**PROVIDED RECORDS**
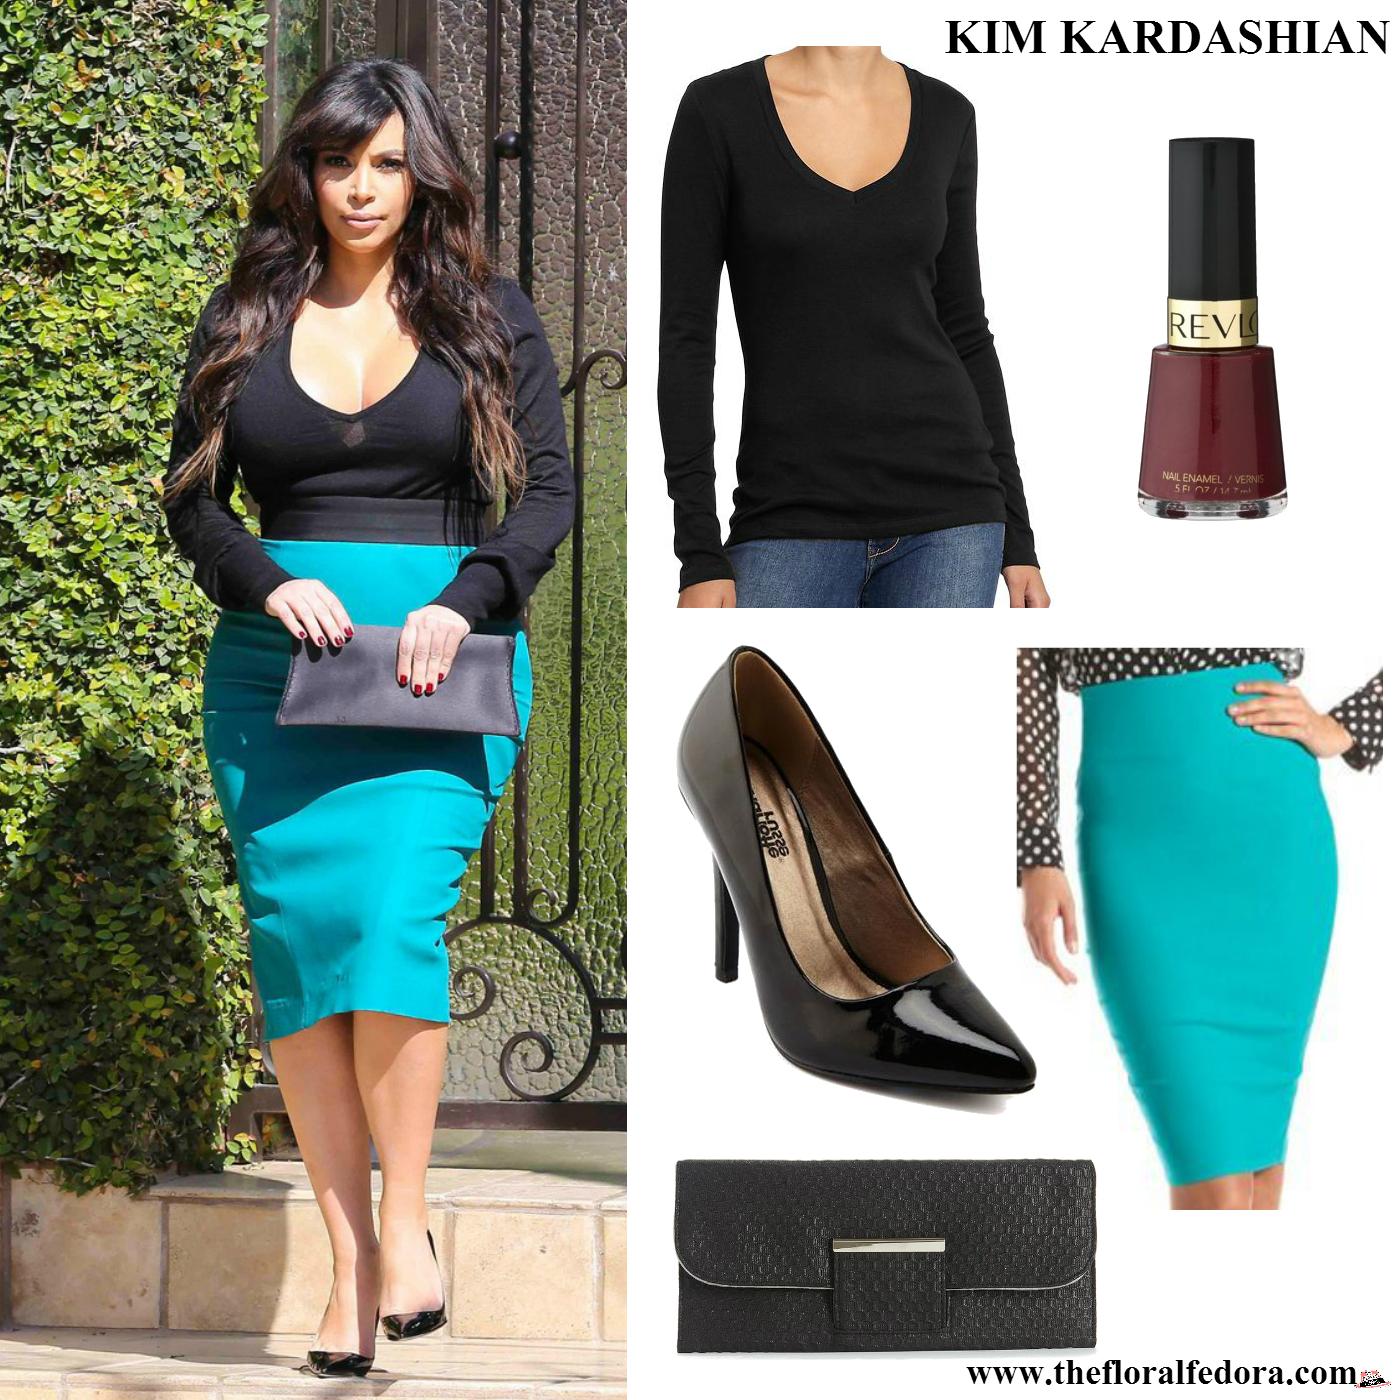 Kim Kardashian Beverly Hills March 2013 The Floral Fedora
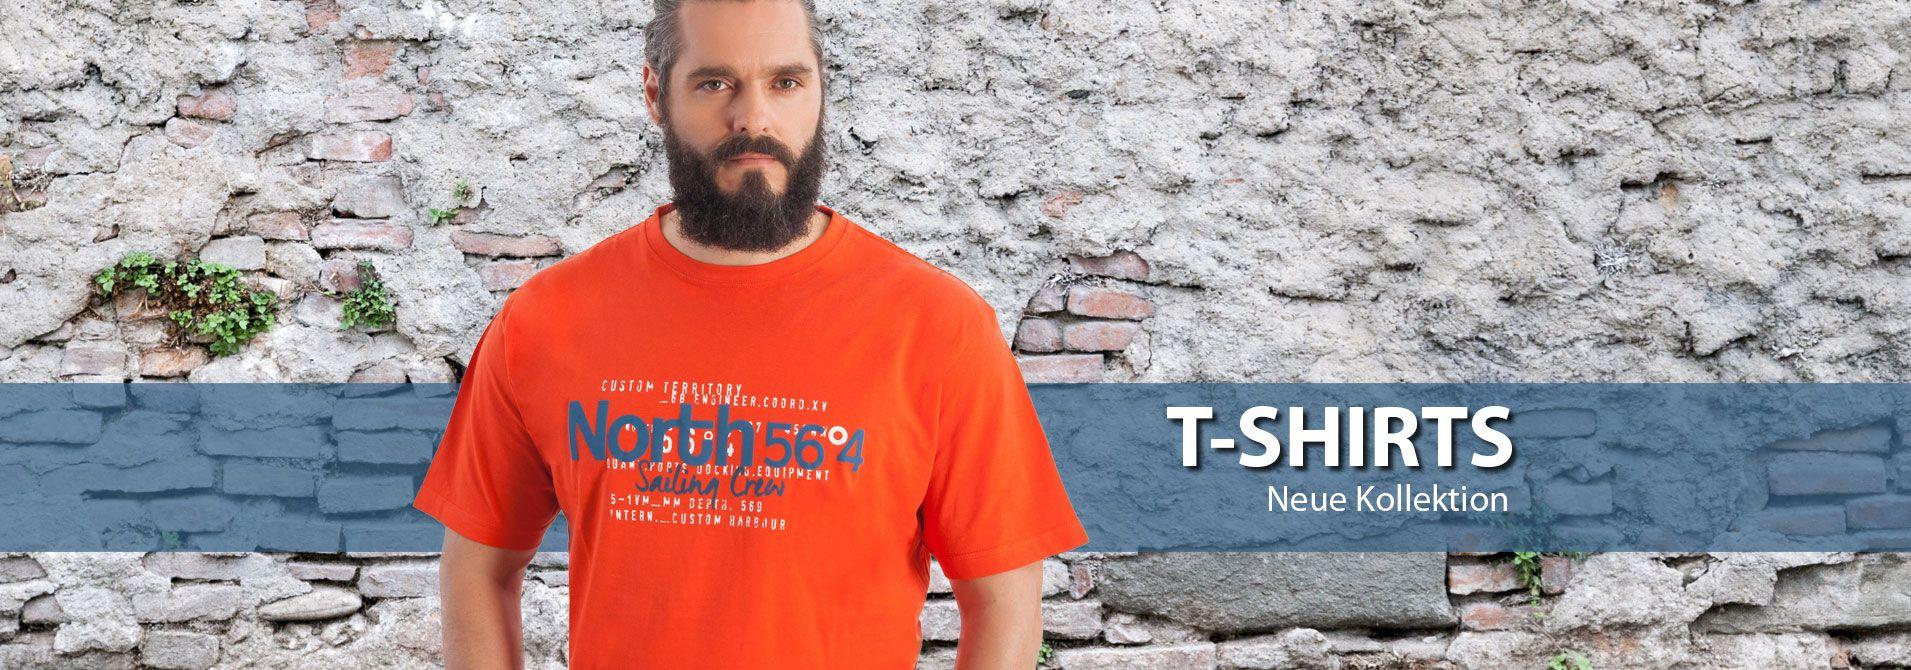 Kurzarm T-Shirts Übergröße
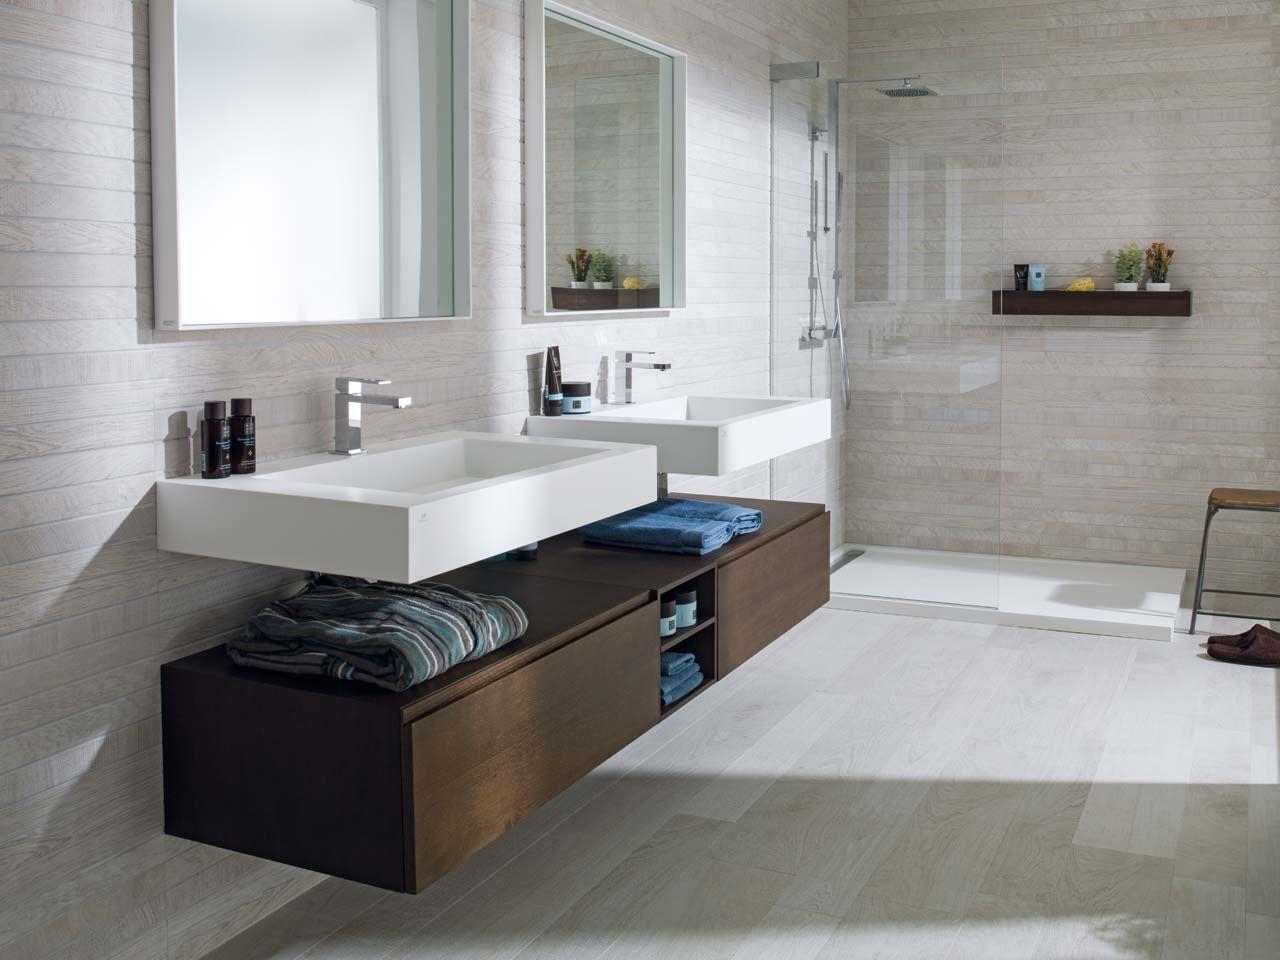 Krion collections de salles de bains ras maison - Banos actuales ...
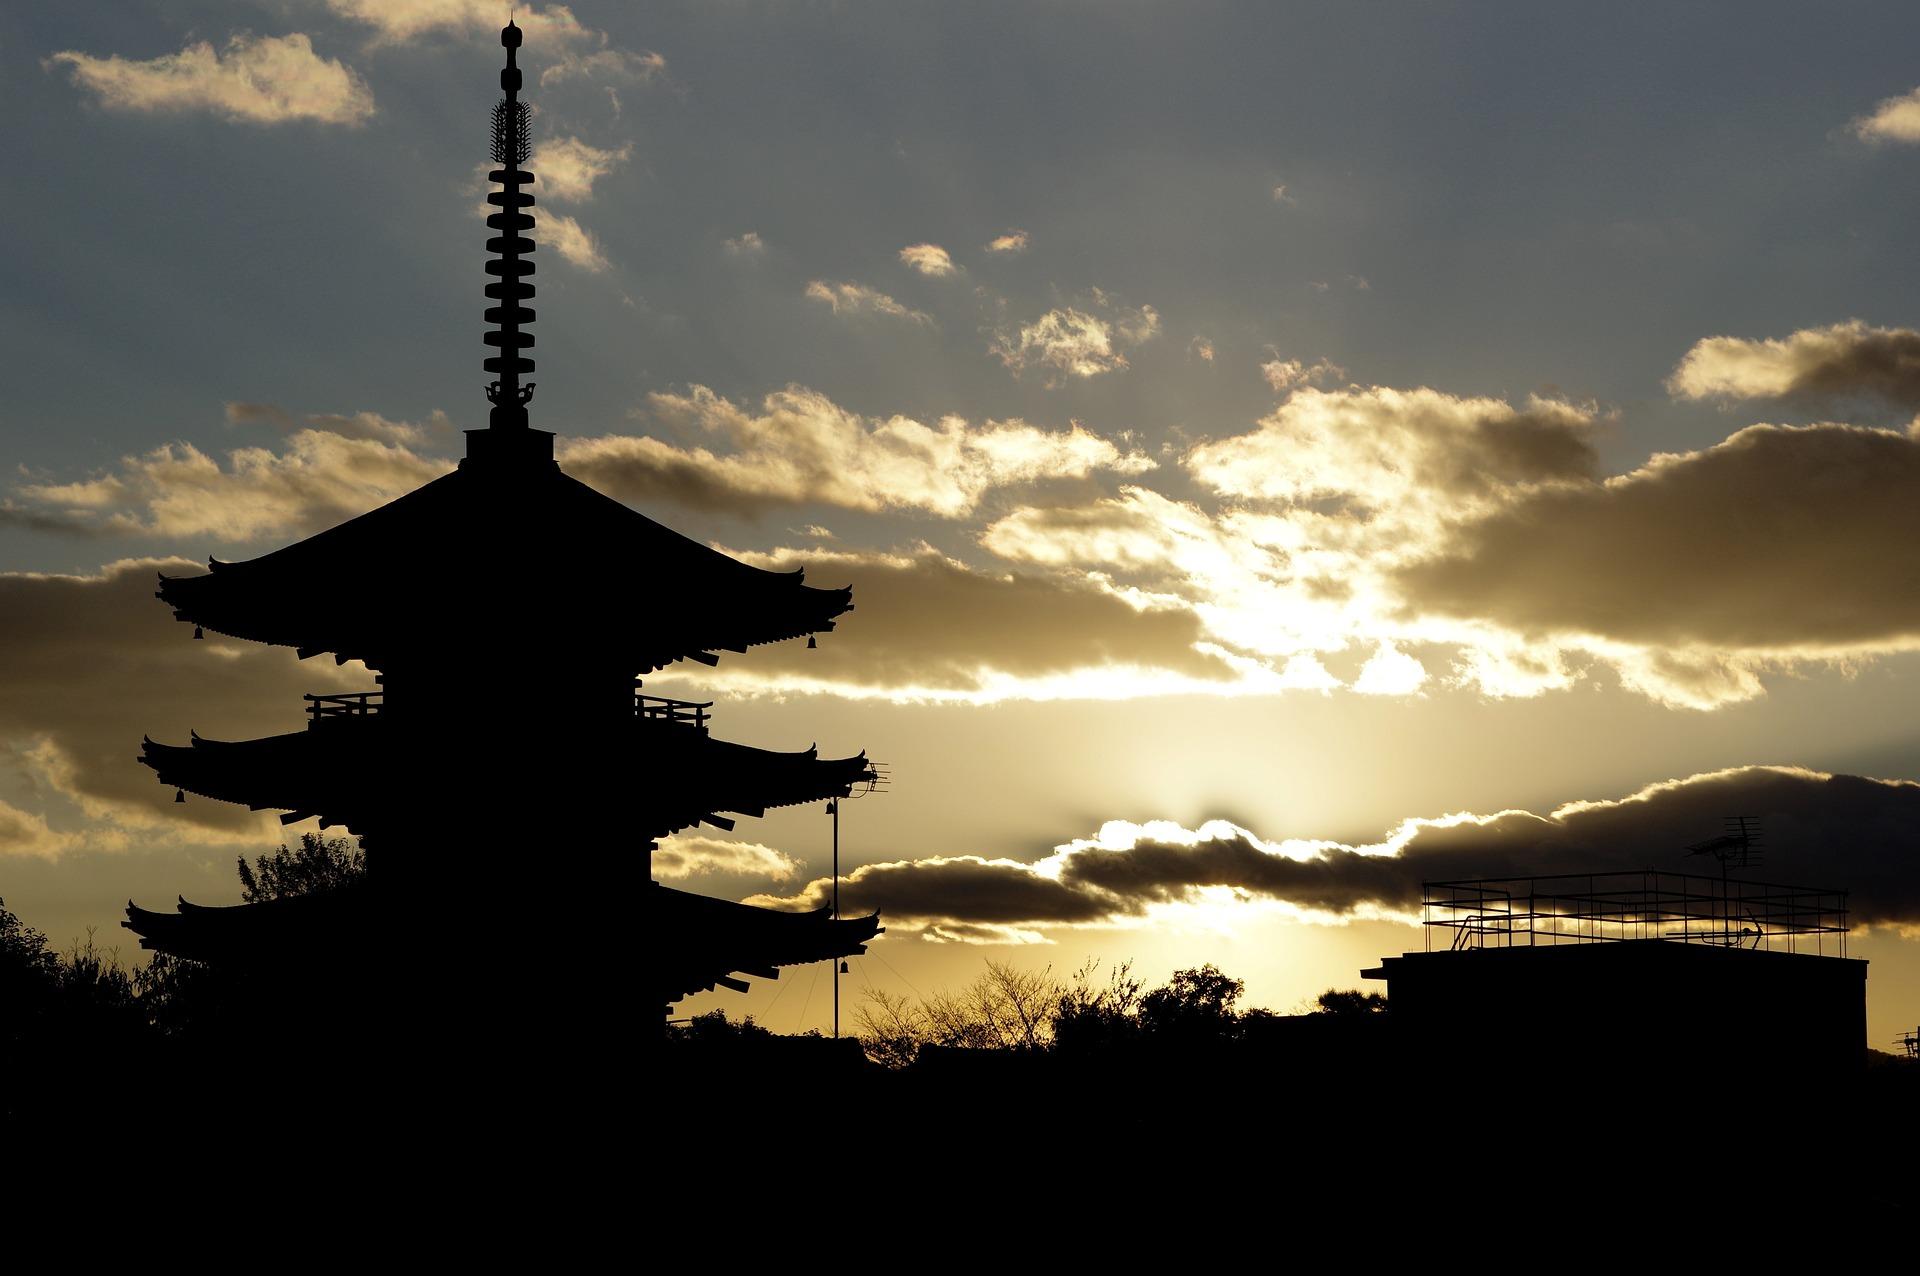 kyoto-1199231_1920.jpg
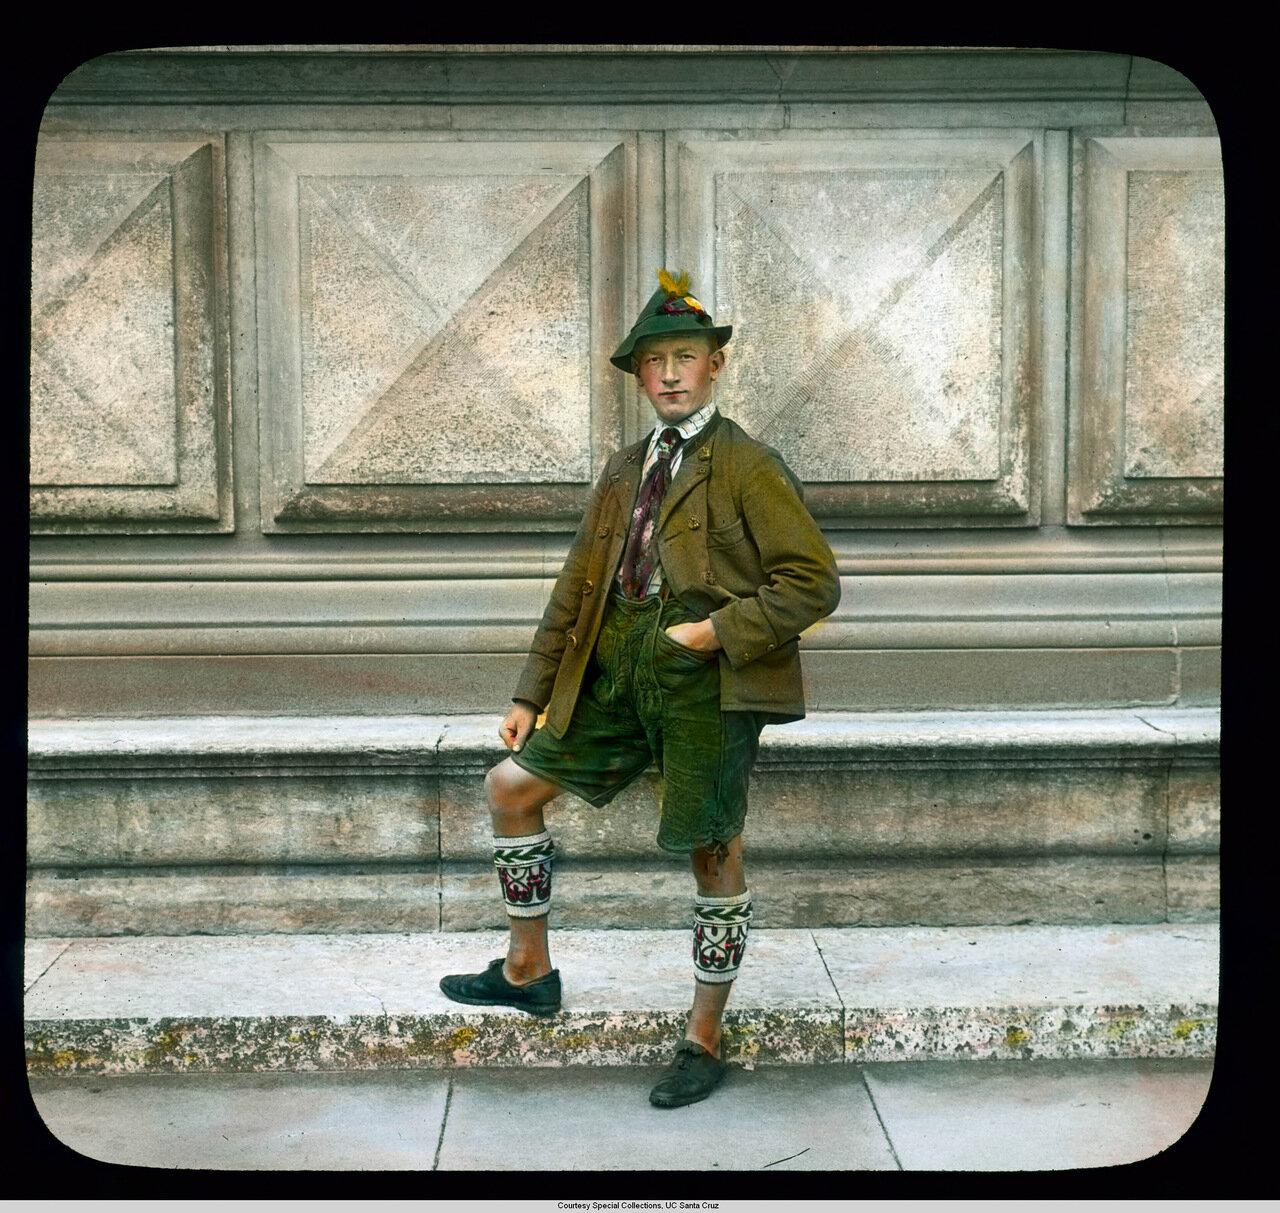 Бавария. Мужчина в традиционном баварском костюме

**DESCRIPTION OF THE TASK**
Quote each record exactly as it stands, minus the pictures.

**TASK SOLUTION**
 Kim Kardashian Beverly Hills March 2013 The Floral Fedora
 Kurzarm T-Shirts Übergröße
 Krion collections de salles de bains ras maison - Banos actuales ...
 kyoto-1199231_1920.jpg
 Бавария. Мужчина в традиционном баварском костюме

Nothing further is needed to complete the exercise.